Mereka juga meragukan klaim kepemilkan dan luas tanah milik Pemda di Nanga Banda yang mengandalkan dokumen terbatas dengan mengandalkan hasil wawancara sejumlah toko saat konflik Nanga Banda mencuat. Sayangnya tokoh yang dijadikan Narasumber justru tidak memiliki kaitan dengan dengan pemilik asli tanah.

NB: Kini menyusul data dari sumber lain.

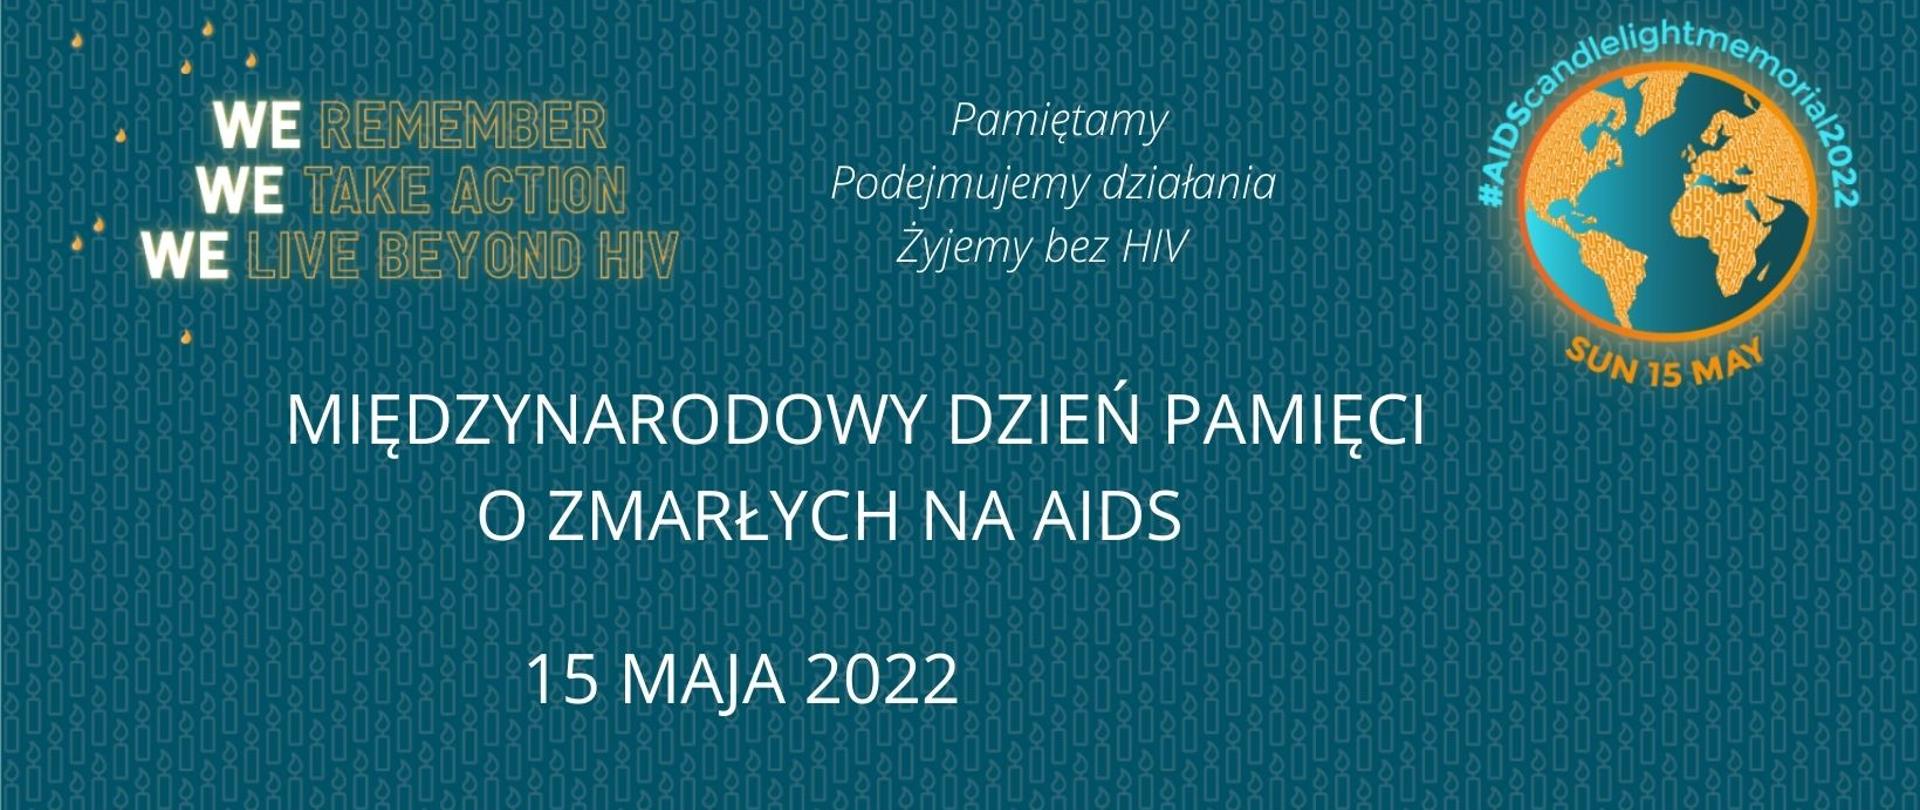 Międzynarodowy Dzień Pamięci o Zmarłych na AIDS - Pamiętamy, Podejmujemy działania, Żyjemy bez HIV 15 maja 2022

Menjawab itu, Kabag Tata Pemerintahan Karolus Mance menjelaskan bahwa kewajiban membayar pajak bukan merupakan tuntutan hak kepemilikan melainkan hak pakai berdasarkan aturan PBB. Siapa yang tinggal di atas tanah itu maka ia wajib hukum membayar pajak dan masalah pajak bukan menjadi hal utama dalam kegiatan penggusuran ini.

Sedangkan terkait surat keputusan pengadilan yang dituntut warga, Karolus Mance menjelaskan bahwa pemda sedang mengamankan aset negara yang sudah diklaim sepihak oleh warga. Hal tersebut berdasarkan dokumen negara yang dipegang.